Maui Now: A Maui People Interview with Hannah Bernard

In the 1990s, the situation seemed a bit desperate for some endangered species on Maui, especially in the Māʻalaea mudflats, once a playground for motorcyclists and all-terrain camping vehicles, where an occasional Hawksbill turtle would be fatally struck crossing the main road by motorists and wild dogs were known to dig up and eat Hawksbill and green sea turtle eggs buried in the sand. There was also a problem with tumors growing on turtles.

Back then, Hannah Bernard and her volunteers could be found late at night voluntarily patrolling the beaches and educating passersby about the migration of Hawksbill and green sea turtles, both protected federally by the Endangered Species Act. The “turtle watch” attracted thousands of children as well as adults. Bernard’s work as then president of Hawaiʻi Wildlife Fund and the work of co-founder Bill Gilmartin drew attention to the need for additional protection.

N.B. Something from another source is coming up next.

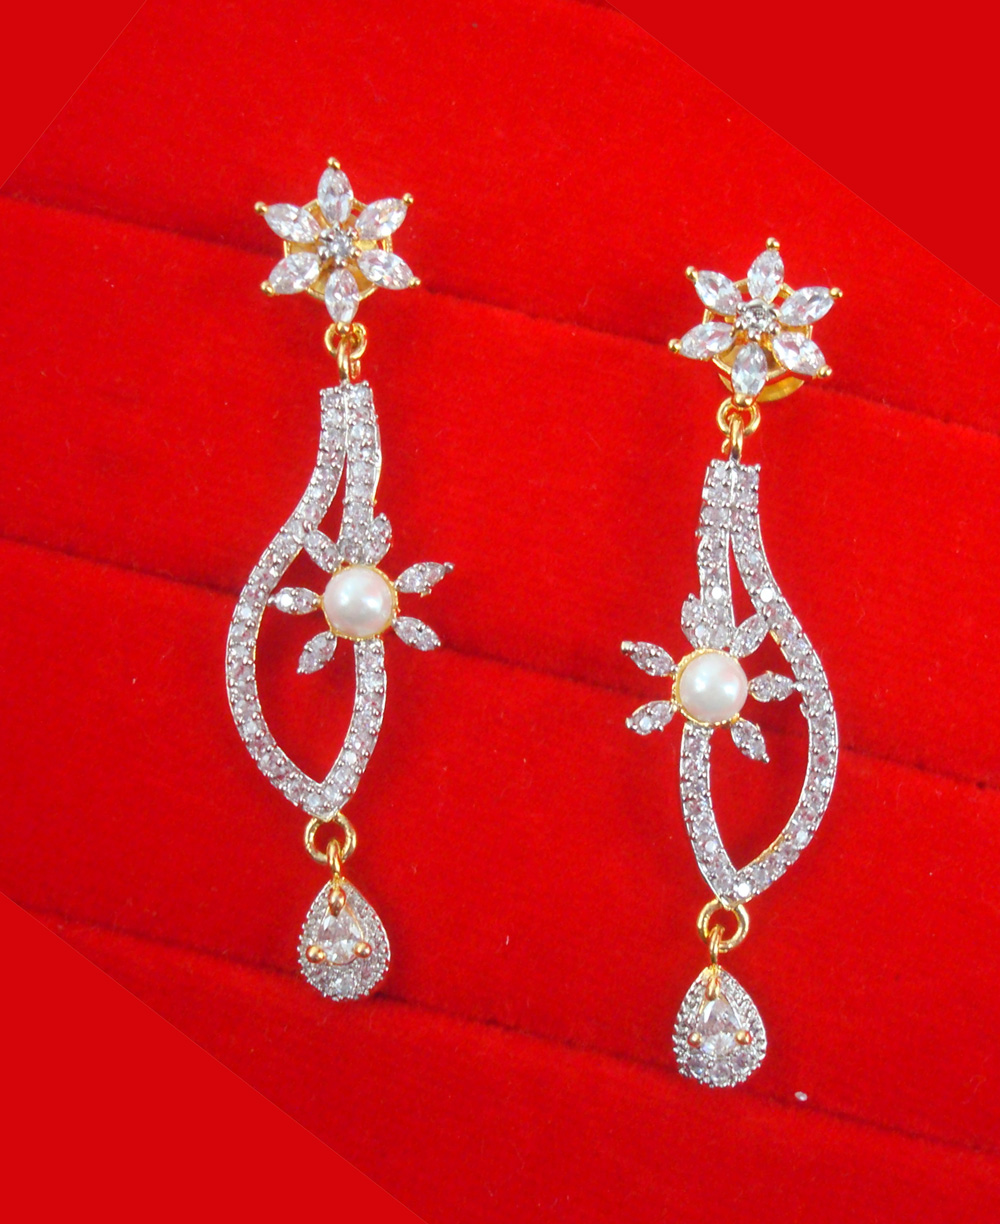 Buy Beautiful Design Gold Covering Long Dangle Earrings Designs for Women

Their staff has science-based credentials, with Bernard holding a marine science degree and working for five years as a federal fishery biologist, and Gilmartin, serving 16 years as chief of the National Marine Fisheries’ Protected Species Program. The group and volunteers saved an estimated 11,000 turtle hatchlings on Maui.

The wildlife estuary at Māʻalaea has been restored across the mudflats where endangered waterfowl species such as nene geese, and Hawaiian coots and stilts frequent. The nonprofit Hawaiʻi Wildlife Fund also organized volunteers to pick up an estimated 375 tons of marine debris statewide, bringing attention to harmful plastics and abandoned fishing nets that kill sea life.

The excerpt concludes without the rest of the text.